**DATASET EXTRACT**
▬▬▬

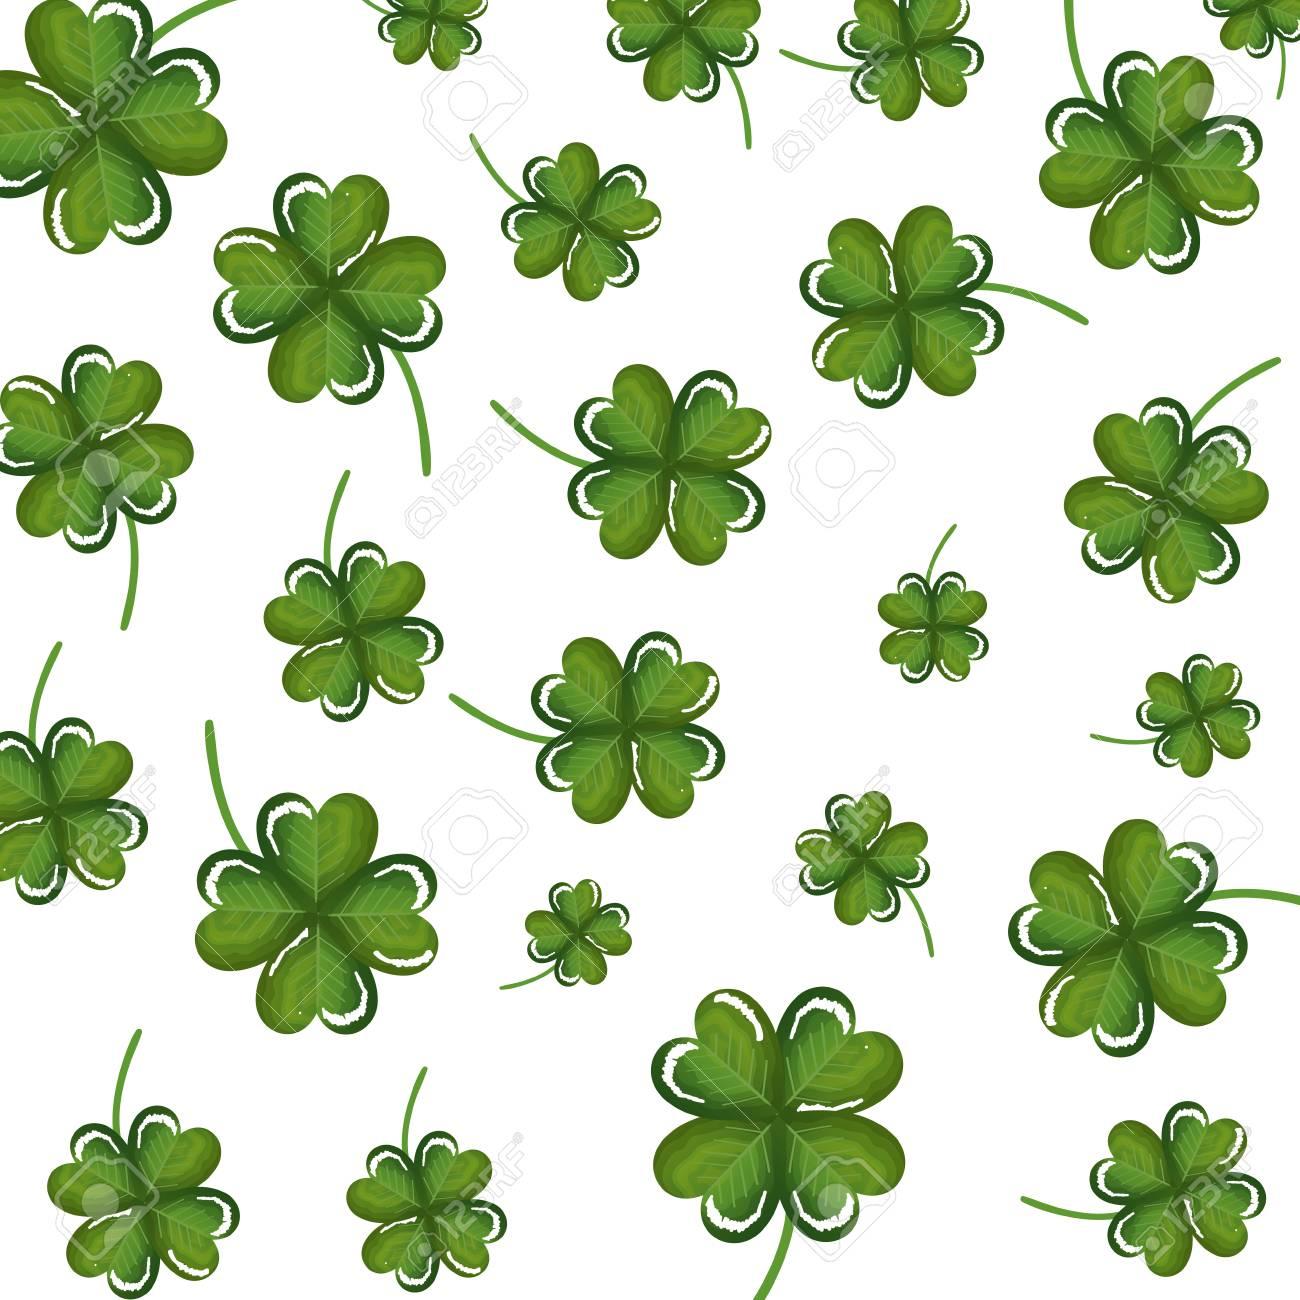 clovers leafs pattern background vector illustration design - 126775241
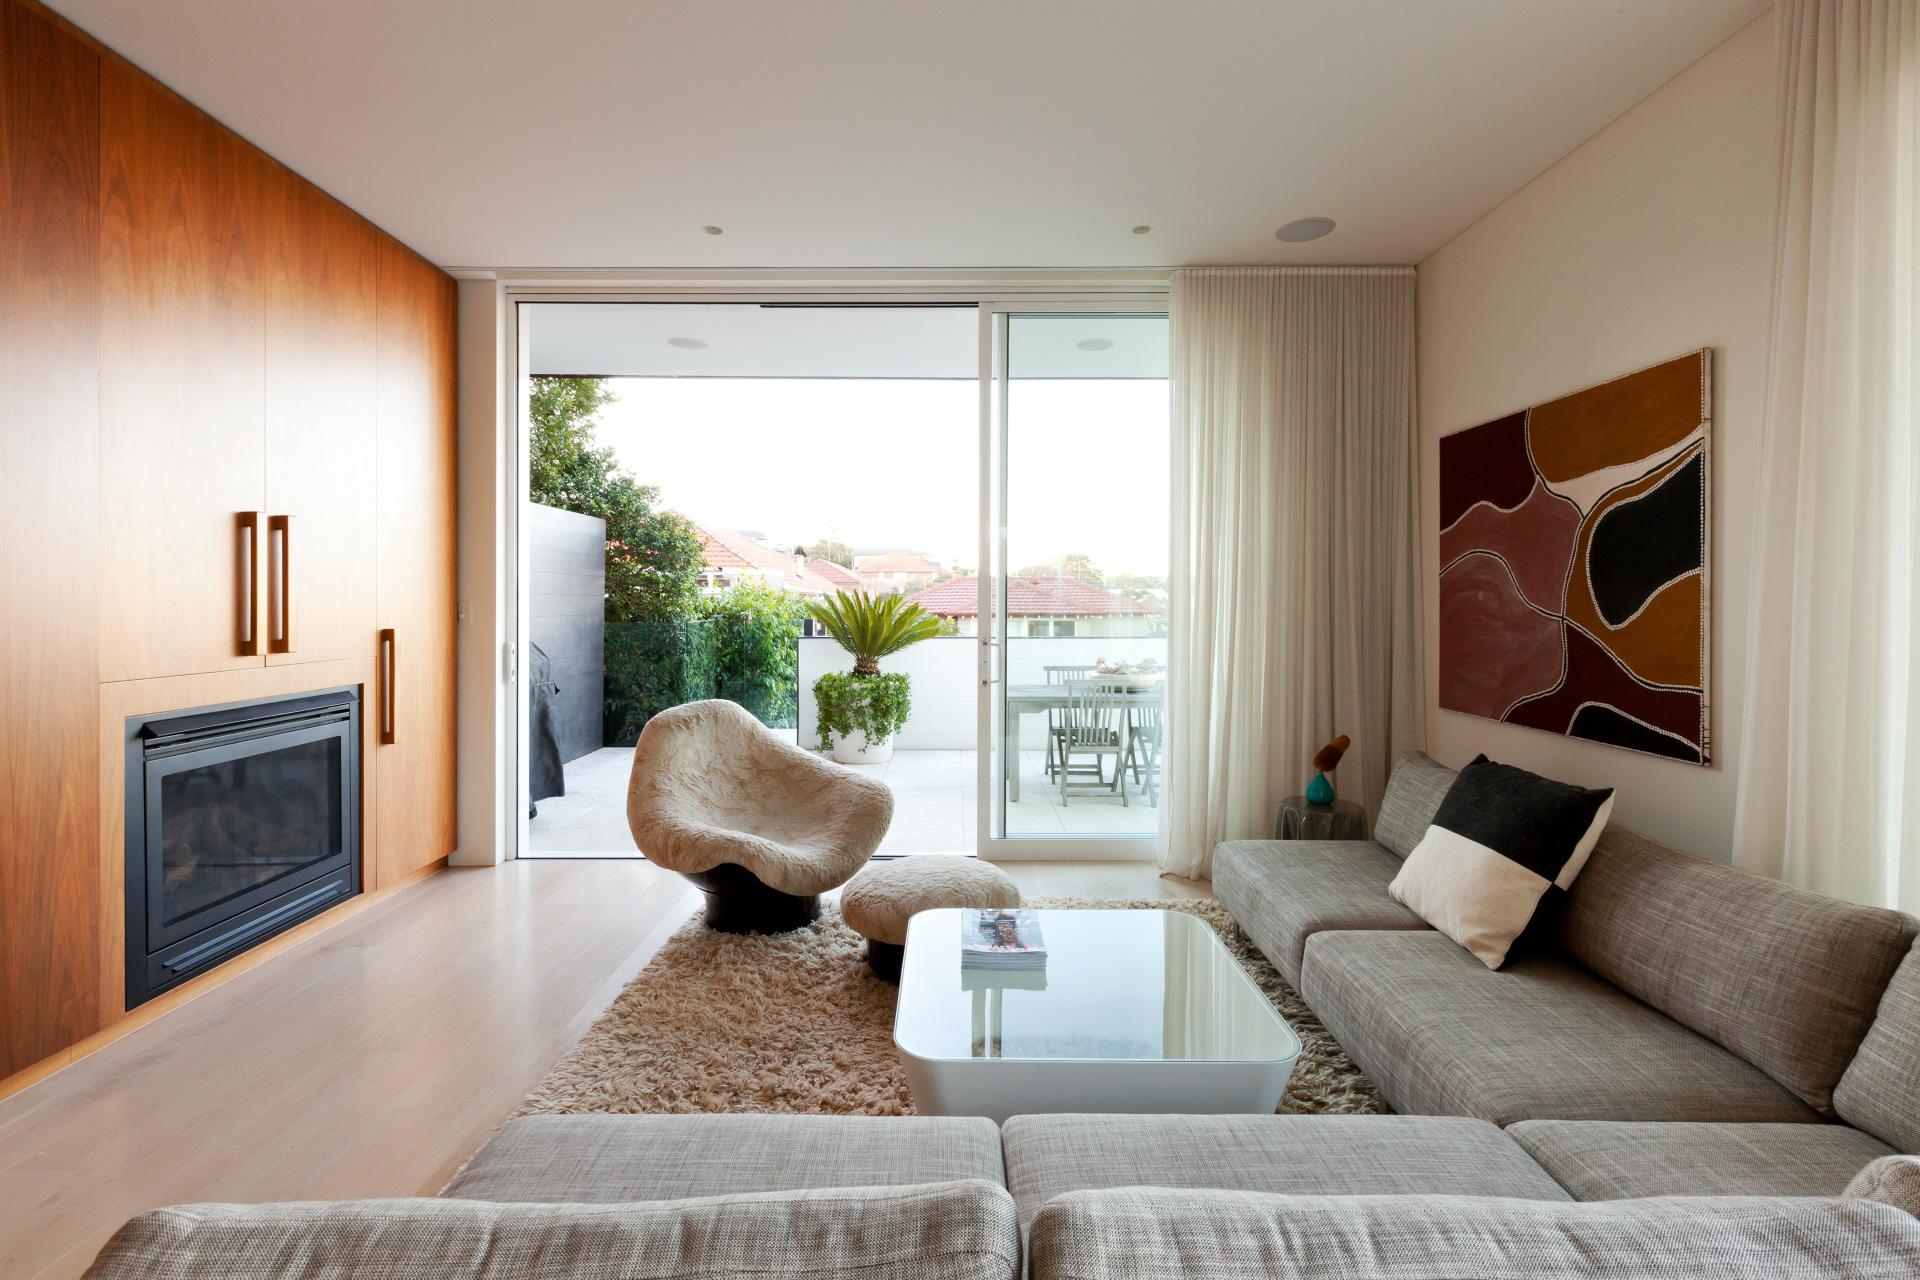 Completed in collaboration with Annie Benjamin Interior Design  http://anniebenjamin.com.au/
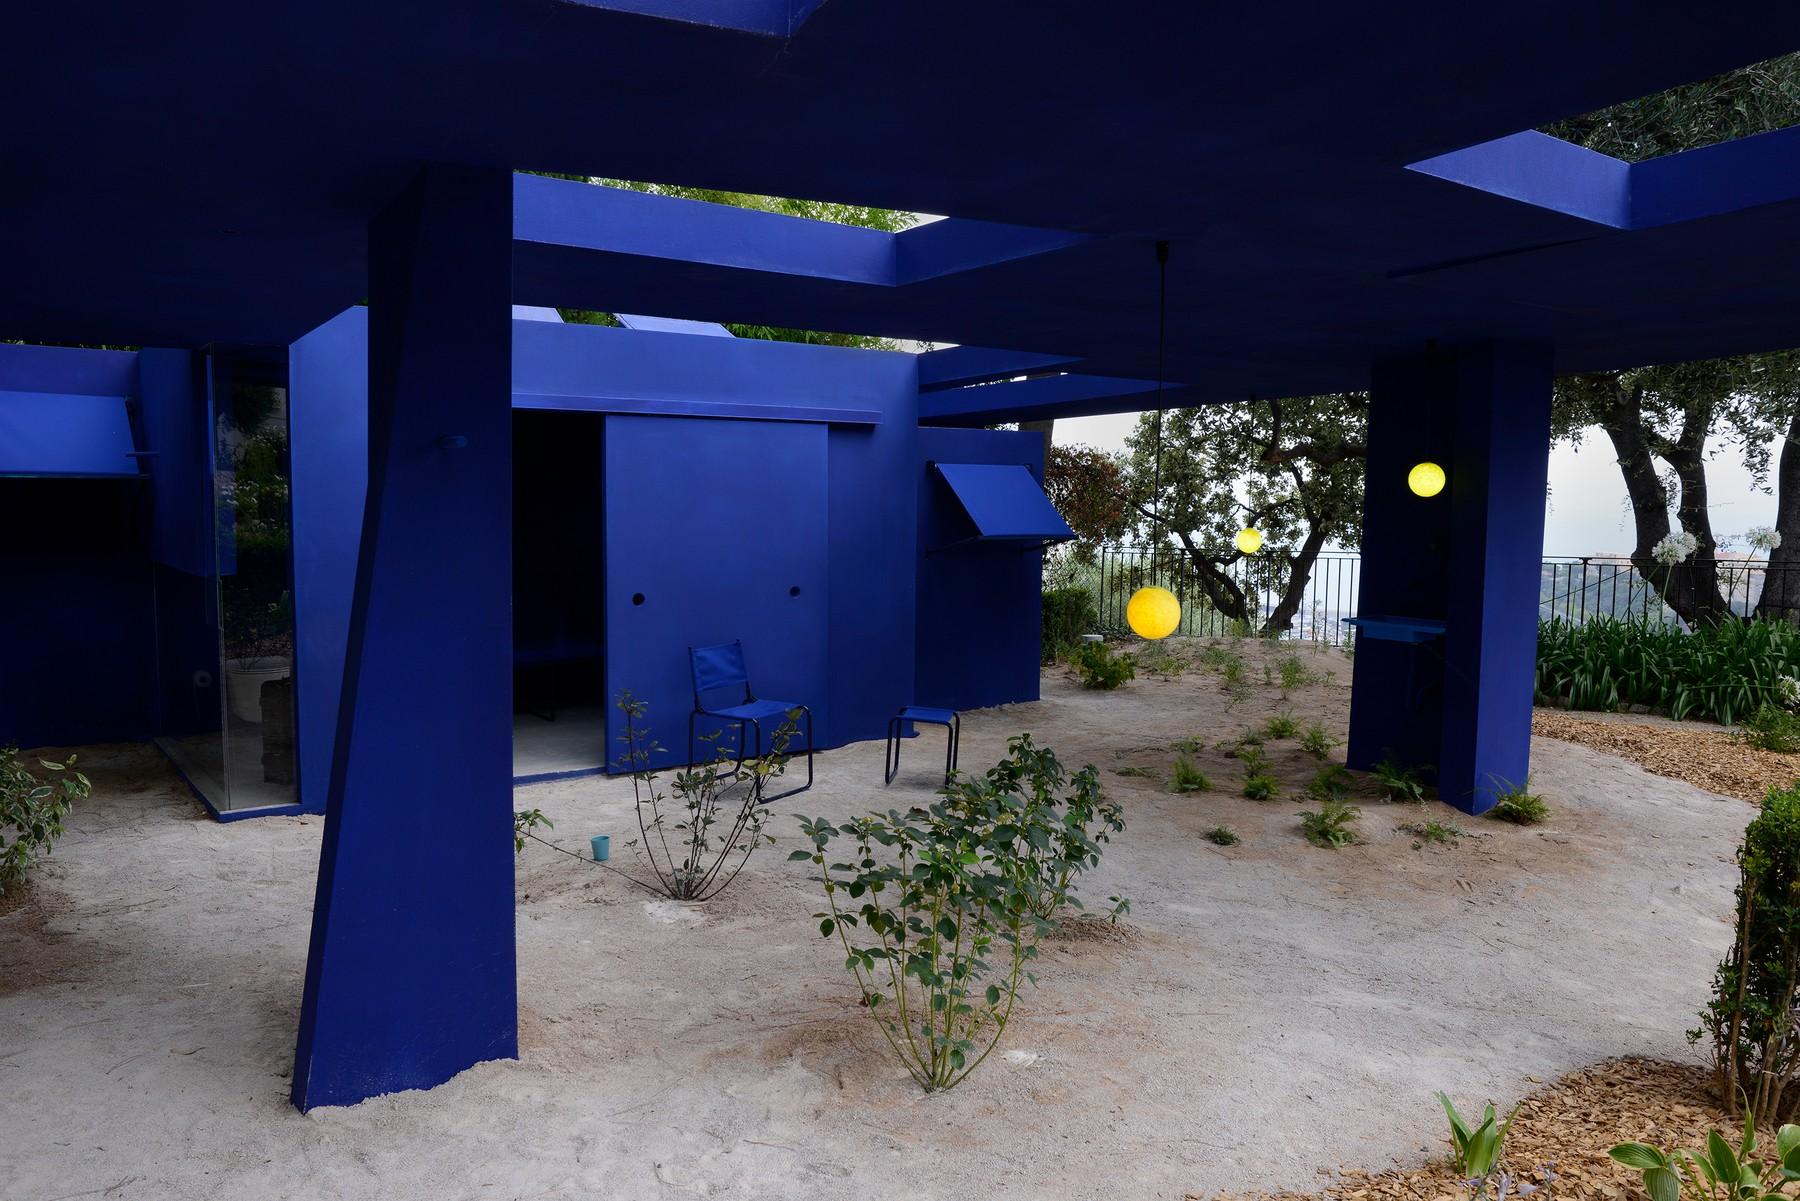 jean-pascal-flavien-folding-house_10.jpg
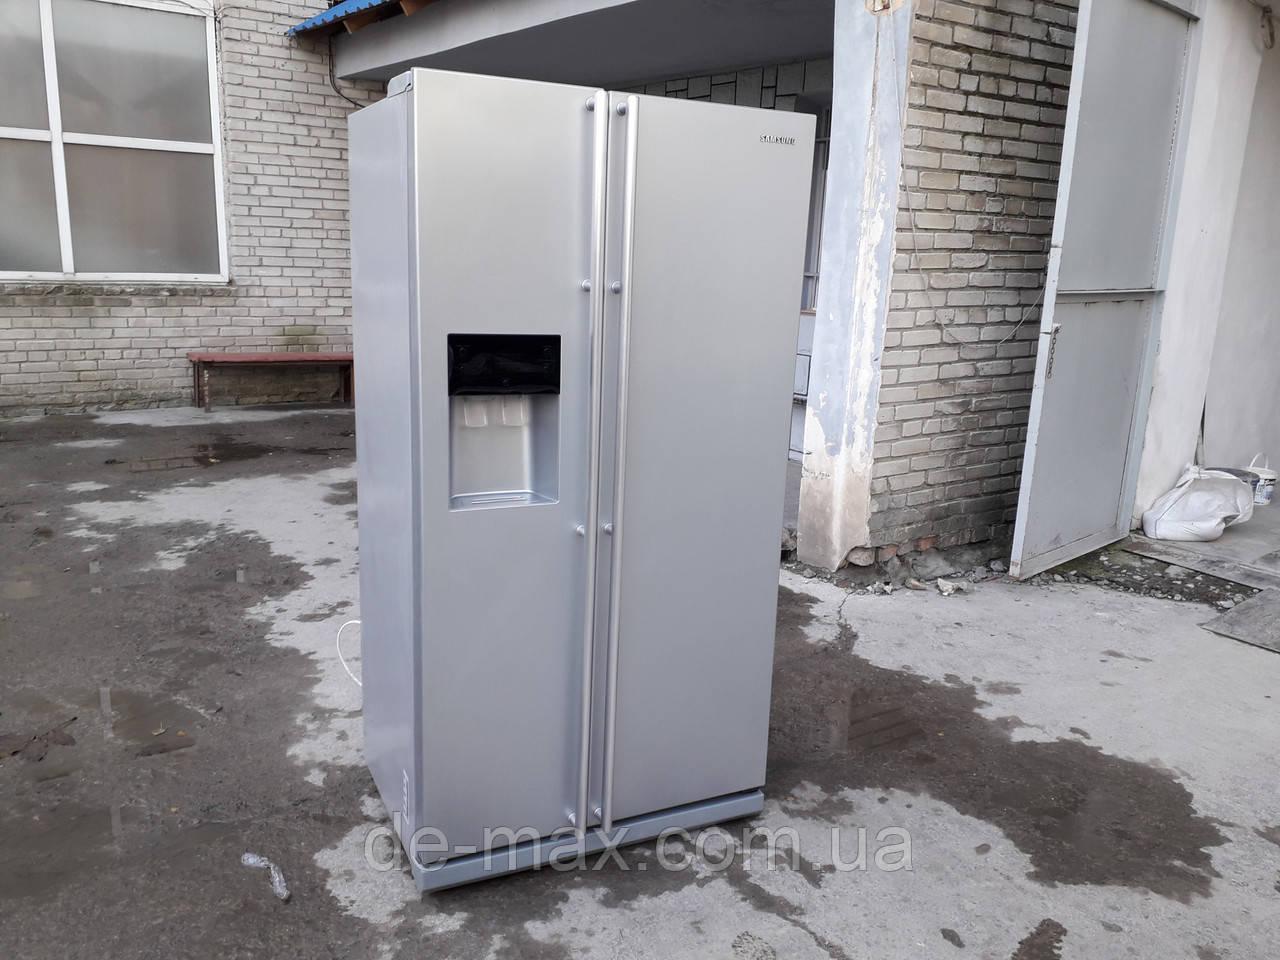 Side-by-side холодильник Samsung RSG-5FURS1 No Frost

▬▬▬

**TASK DETAILS**
Your answer must be exactly the lines from the one with "Completed in collaboration" through the final line of the data, with no pictures in it.

**RESPONSE FOR THIS EXERCISE**
 Completed in collaboration with Annie Benjamin Interior Design  http://anniebenjamin.com.au/
 jean-pascal-flavien-folding-house_10.jpg
 Side-by-side холодильник Samsung RSG-5FURS1 No Frost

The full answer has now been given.